I'm running a Dell M1000e with currently 2 M600 blades with dual quad core 3.16Ghz procs and 4gigs of ram each. Since it's a blade server lots of the components are virtual or assigned. Like KB, Mouse, I don't have any HDDS at all my plan is to connect a SAN or NAS to the master once I'm ready. The Nics are BNX2 which needs the firmware-bnx2 pkg to work. Adding this to the master was fairly easy, I first added it to the list of pkgs, but since by default live-helper only access the main branch and not the contrib or non-free and the firmware pkg is non-free I had to figure out how to add those, which I find out was adding.
<lh_config --categories "main contrib non-free">
after <lh_config -a "$ARCHITECTURE"> in both the master and the node setup in the make script.
That then got the master booting and I could run setup_pelican, once that was done I was able to test boot the node, it found the PXE and booted, but was missing the bnx2 firmware, this took me much longer to figure out, but I added a second list of pkgs to include for nodes and got that solved. I used the same form as for the master so it's configurable at the top and I'd like to contribute these back if anyone wants.

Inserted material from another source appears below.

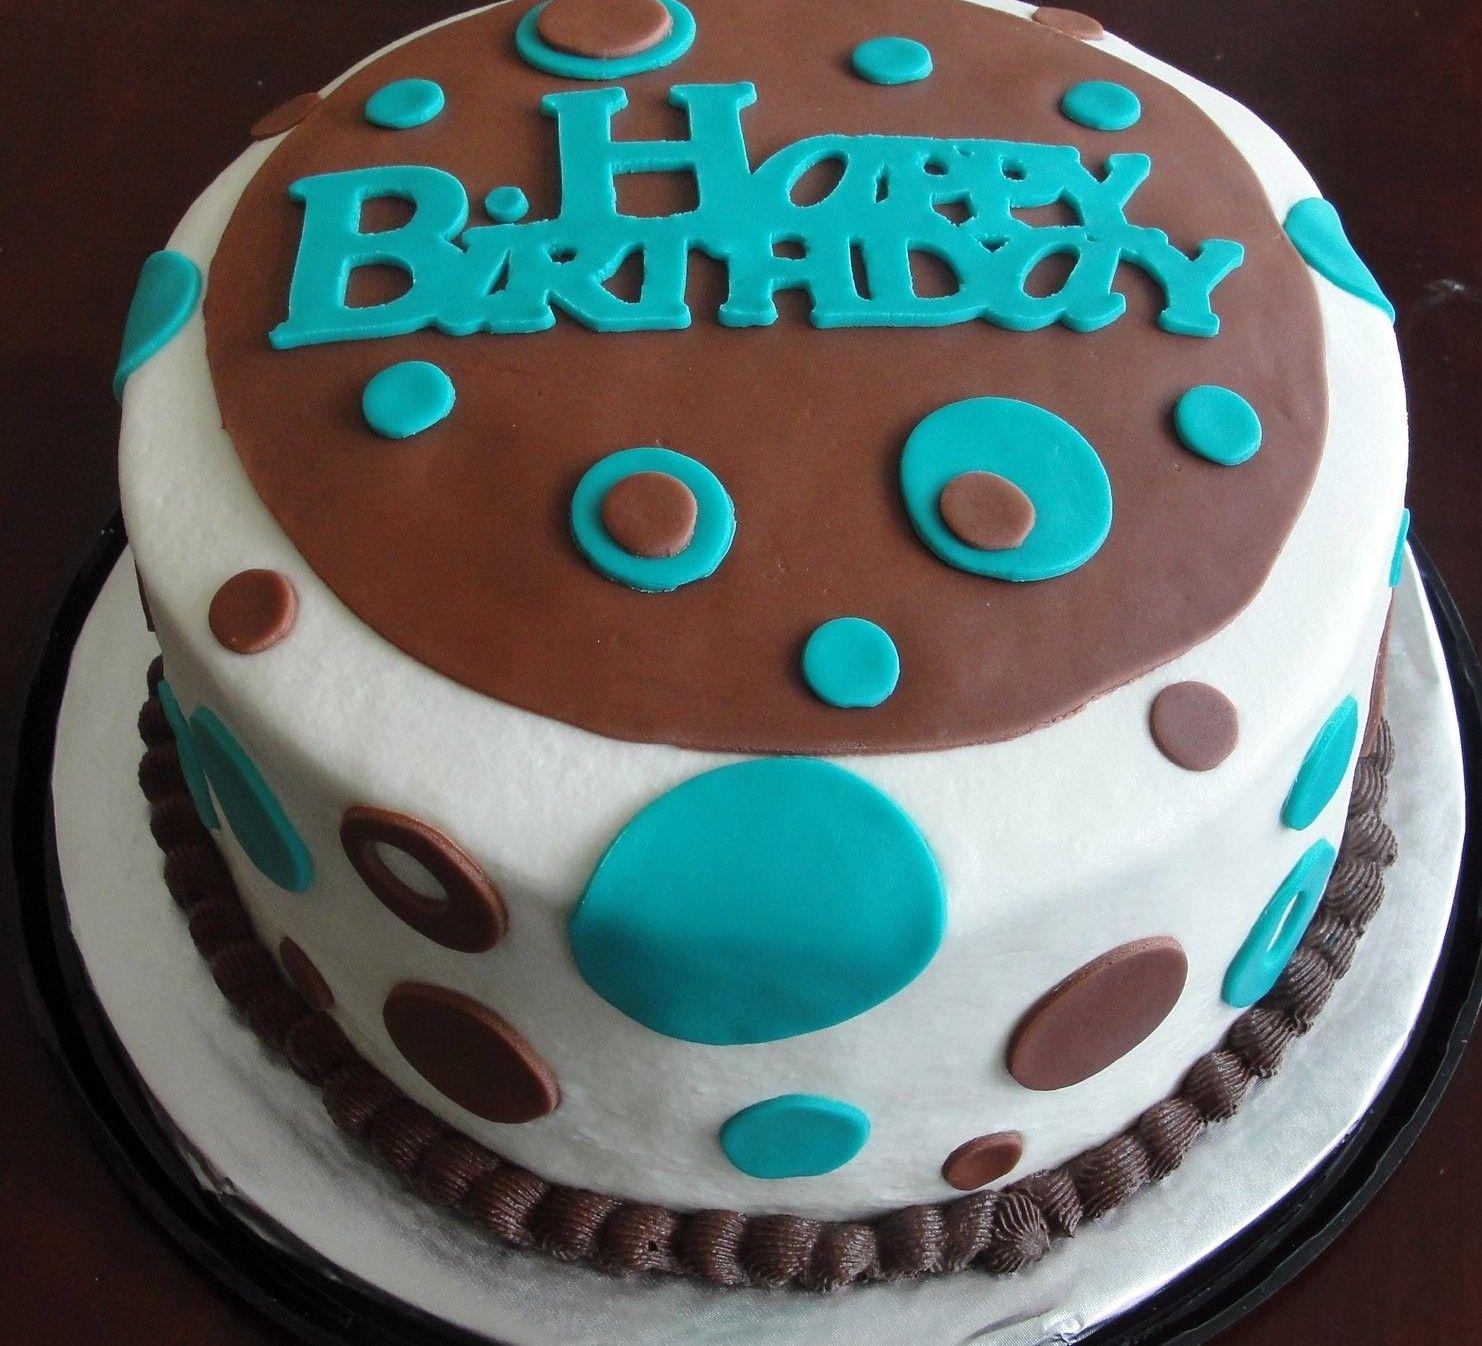 custombirthdaycakescrz2vh2qjpg 14821346 birthday cakes

Now the node finds the nic and starts to load, but it stops and I let it sit over night, it's not locked up ctrl-alt-del still works but it won't fulling boot either. I have a screen shot of where it's sitting which I'll include if I figure out how but here is the text it's sitting at just incase I can't attach.
Driver 'sd' needs updating - please use bus_type methods
sd 1:0:0:0: [sda] Attached SCSI removable disk
Driver 'sr' needs updating - please use bus_type methods
sr0: scsi-1 drive
Uniform CD-ROM driver Revision: 3.20
sd 1:0:0:0: Attached scsi generic sg0 type 0
sr 0:0:0:0: Attached scsi generic sg1 type 5
Remember I have no CD-Rom, no HDD, no USB drive, no floppies, nothing but CPUs and Ram on these blades, the master is booting from a USB CD-Rom.
So my question is since the master and the node are 100% the same hardware why would one fully boot and the other won't where can I debug or find the differences in the boot process? I really need to get the cluster up ASAP so any info or leads would help very much, Once i have this working I'm going to work on auto launching setup_pelican on the master and have nodes auto join and I"ll be sending that back upstream, but I need a node first ;)
p_49.jpg